Quantizing is a lossy process, you can't really claim to be running the 65B model llama at that point (though the 65b qgpt-llama does look like it might be very useful)
I noticed the Fasttext code was also surprisingly clean and readable C++. whatever moralities and other flaws the metal business model might have in general, they seem to have a consistently excellent track record when it comes to publicly available libraries and tools.
Very nice post, good lead. It makes me curious... I wonder what LLaMA would look like implemented upon the newly release OpenXLA[1]! Is that even a sensible ask? I feel like it could potentially be an informative exercise, that would aid in the understanding of the landscape of tooling.

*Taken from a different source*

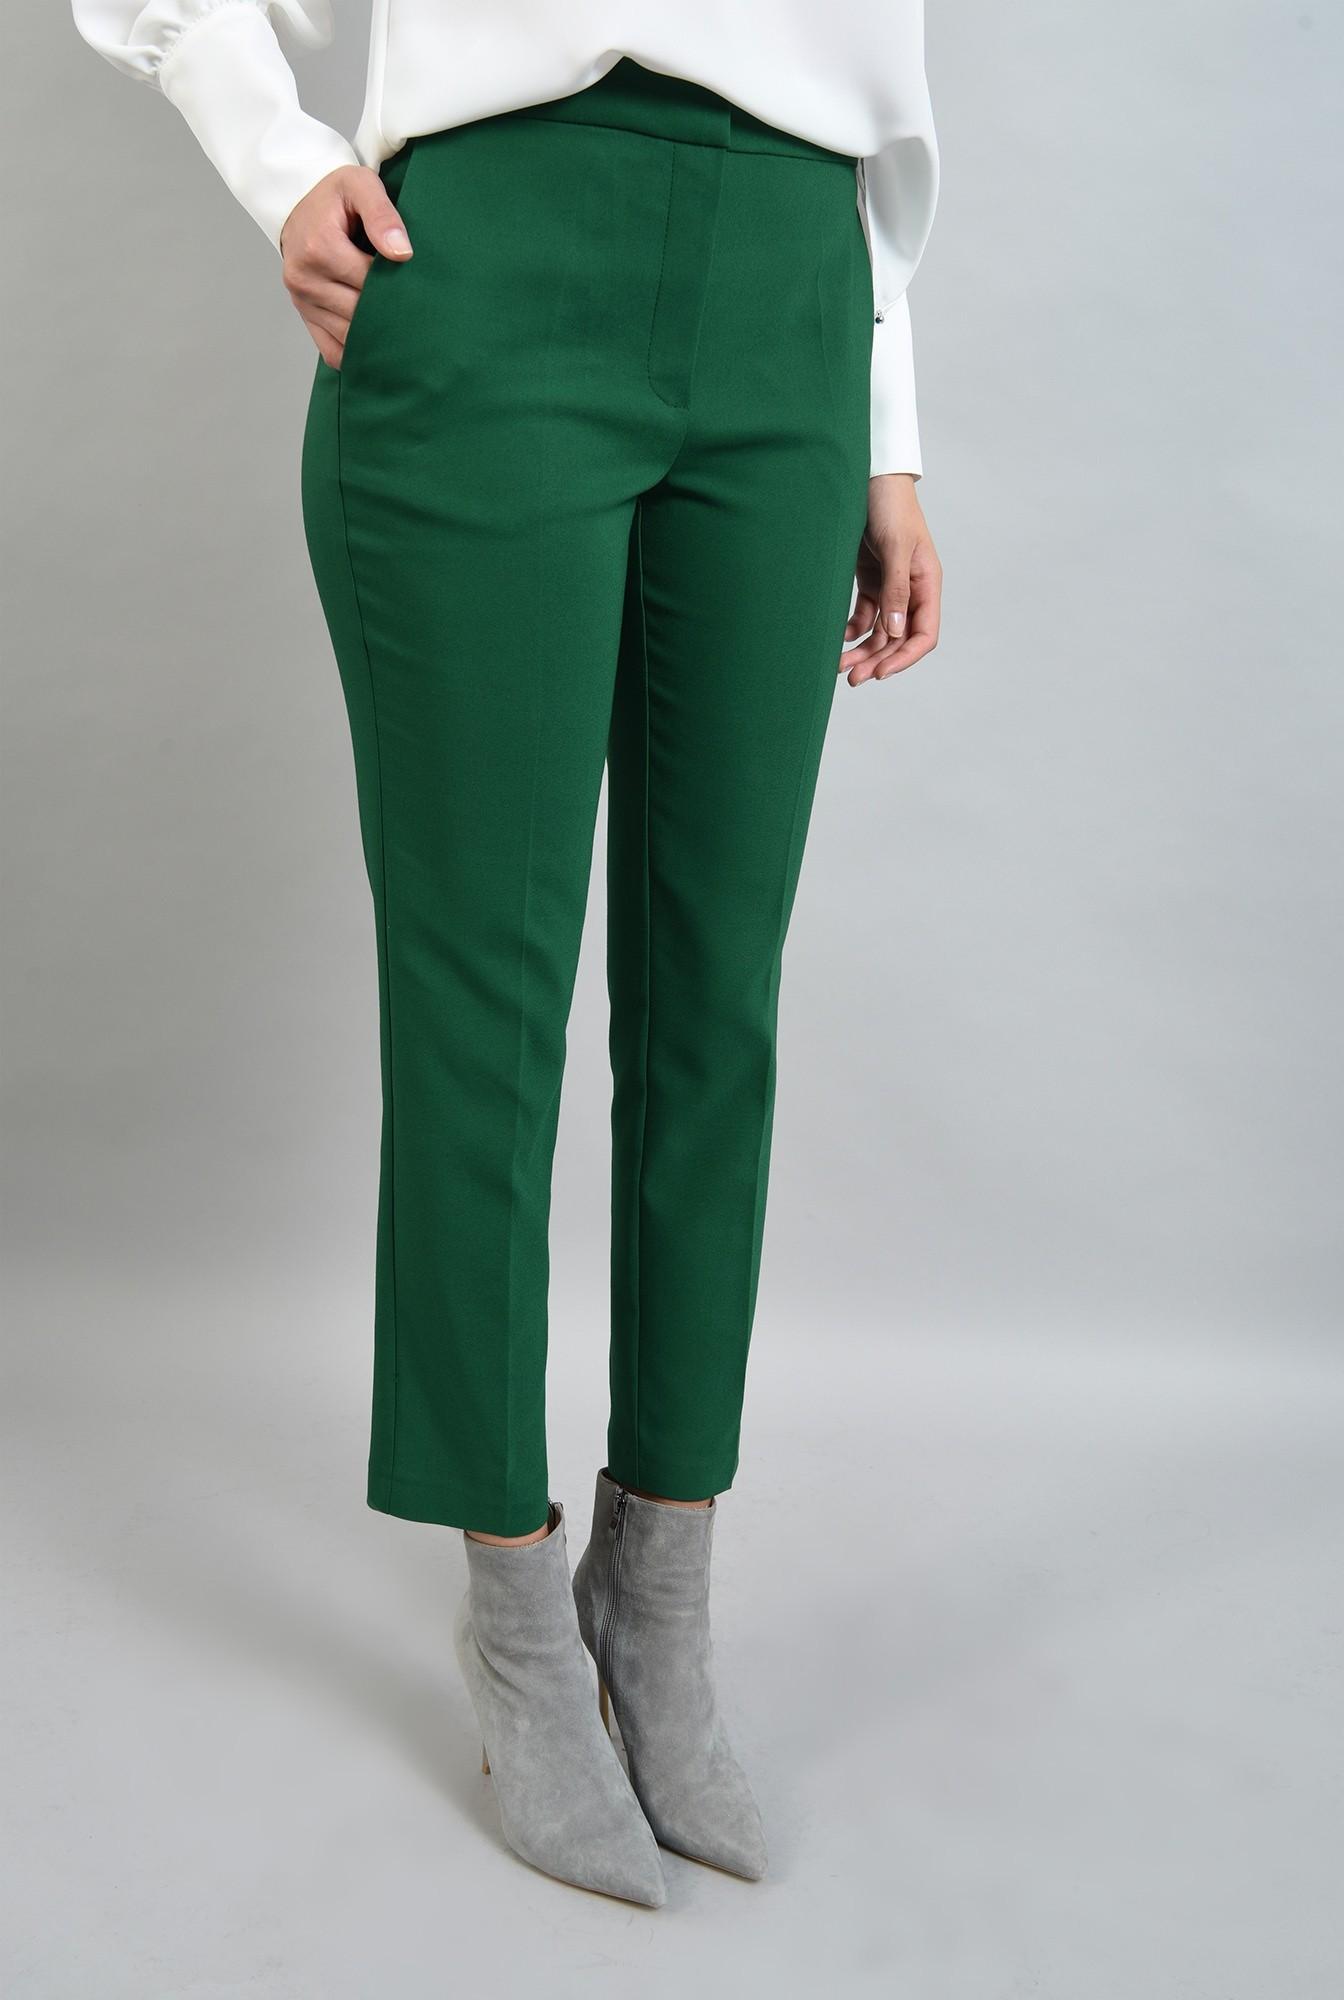 1 - pantaloni verzi, croi conic, Poema

I’m pretty sure the code you linked is just simplified for publication. I think it’s interesting to read, I just don’t think it’s what they actually used to train and develop the algorithm.
I think tuning the sampler temperature and using top-k over top-p sounds ad hoc and shouldn’t be necessary for a solid model. Do you have any reason for suggesting those changes in particular? Especially since top-p, or nucleus sampling, is meant to be an improvement over top-k.
For example in comparison, StableDiffusion torch code in diffusers and transformers Python libraries has lots of conditionals, experiments etc. that are not being used that can make it hard to follow what is going on.
Last weekend I got the "main loop" of the transformer working in pure CPU Rust code, following the reference code. My crappy code is just very very slow as I focused on getting it to run, not making it fast. The tokenizer uses some Google thing https://github.com/google/sentencepiece but luckily for inference it seems that you just need to be able to parse the tokenizer model file and not understand how it was created; I was able to strip out the protobuf files from that repository and add it to Rust and read the tokens.
I am optimistic that someone makes a high quality CPU or some CPU+GPU+SSD combination thingmaling that will make it somewhat practical to run even the large LLM models without needing an A100 or two.